The effects on the bone marrow of treating neuroendocrine neoplasms with 177Lu-labeled DOTA0-Tyr3-octreotate ([177Lu]Lu-DOTATATE) are usually mild and transient, but up to 10%–15% of patients develop grade 3 or 4 hematologic toxicities that can be long-lasting and hamper subsequent therapies (1–3). Treatment effects on the red marrow are measured indirectly through blood sampling, but neither blood-based nor image-based dosimetry is routinely performed for the bone marrow.
Red marrow dosimetry is less straightforward than dosimetry for the kidneys, the other main dose-limiting risk organ, and suffers from limited accuracy, as the red marrow is heterogeneously distributed throughout cavities in trabecular bone (4). Furthermore, the comparatively low activity concentrations in the spongy bone require sufficiently long acquisition times for SPECT imaging. Red marrow is found throughout the skeleton; the largest quantities in adults are observed in the hip bones and lumbar and thoracic vertebrae (5). The size of the bone cavities in these skeletal regions and their location in the SPECT images make them suitable for image-based dosimetry.
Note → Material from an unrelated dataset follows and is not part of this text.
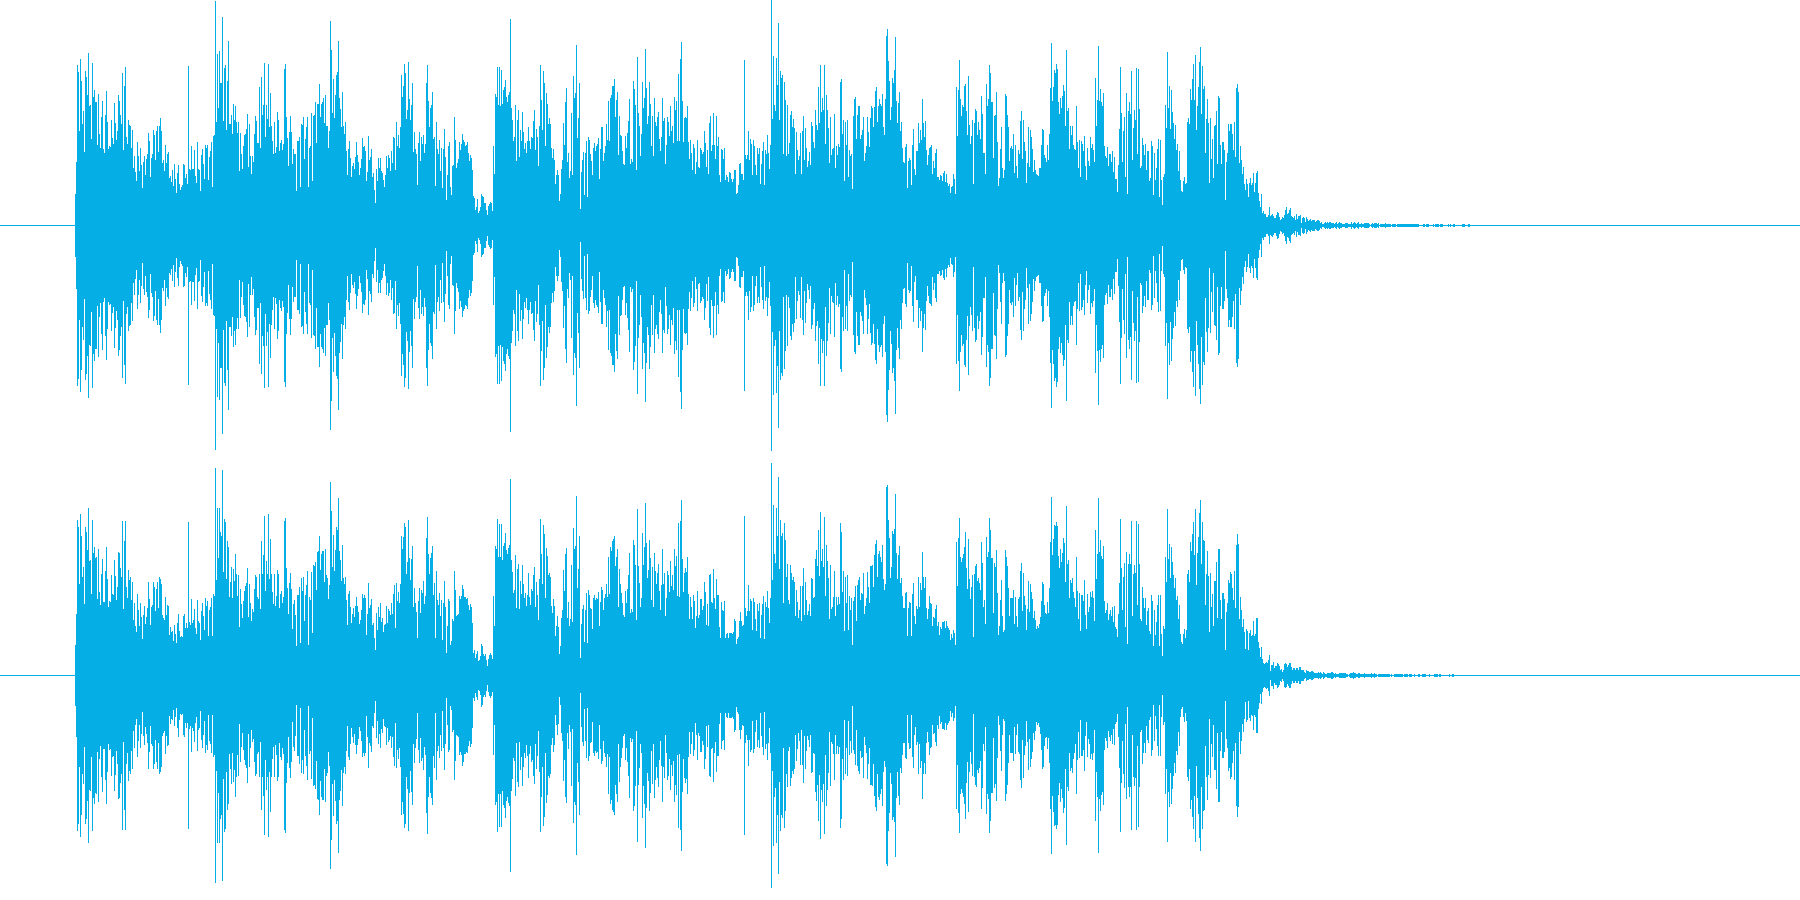 ヒップホップのサウンド風なジングルの再生済みの波形
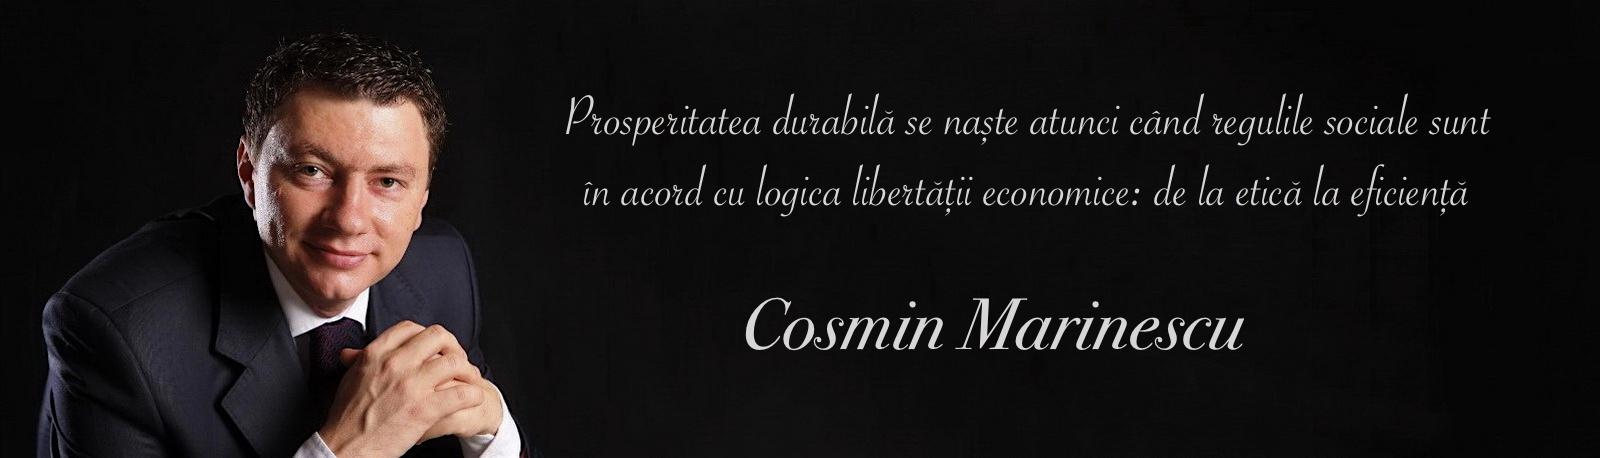 http://cosmin-marinescu.ro/wp-content/uploads/2016/12/Slide-2.jpg

Compared with blood-based dosimetry, image-based methods can estimate the activity concentration from a section of spongy bone. However, similar to the blood-based approach, the specific activity distribution within the spongy bone, a region consisting mainly of trabecular bone, red marrow, marrow adipocytes (yellow marrow), and blood vessels, has to be assumed (6). Nevertheless, several image-based studies have demonstrated dose–response correlations, both for [177Lu]Lu-DOTATATE and for 90Y DOTA-d-Phe1-Tyr3-octreotide ([90Y]Y-DOTATOC), but these correlations are still too weak to be useful predictors of toxicity (7–9).
With blood-based red marrow dosimetry, the biodistribution of [177Lu]Lu-DOTATATE in red marrow is assumed to be similar to the biodistribution in blood. In a large prospective study by Garske et al., blood-based red marrow dosimetry resulted in low individual absorbed doses (population mean, 0.016 Gy/Bq), with no correlation to red marrow toxicity (10). However, Oomen et al. identified somatostatin receptor subtype 2 expression in CD34-positive immature progenitor cells from the red marrow, which may partly explain the higher absorbed doses obtained with image-based dosimetry (Table 1) (11).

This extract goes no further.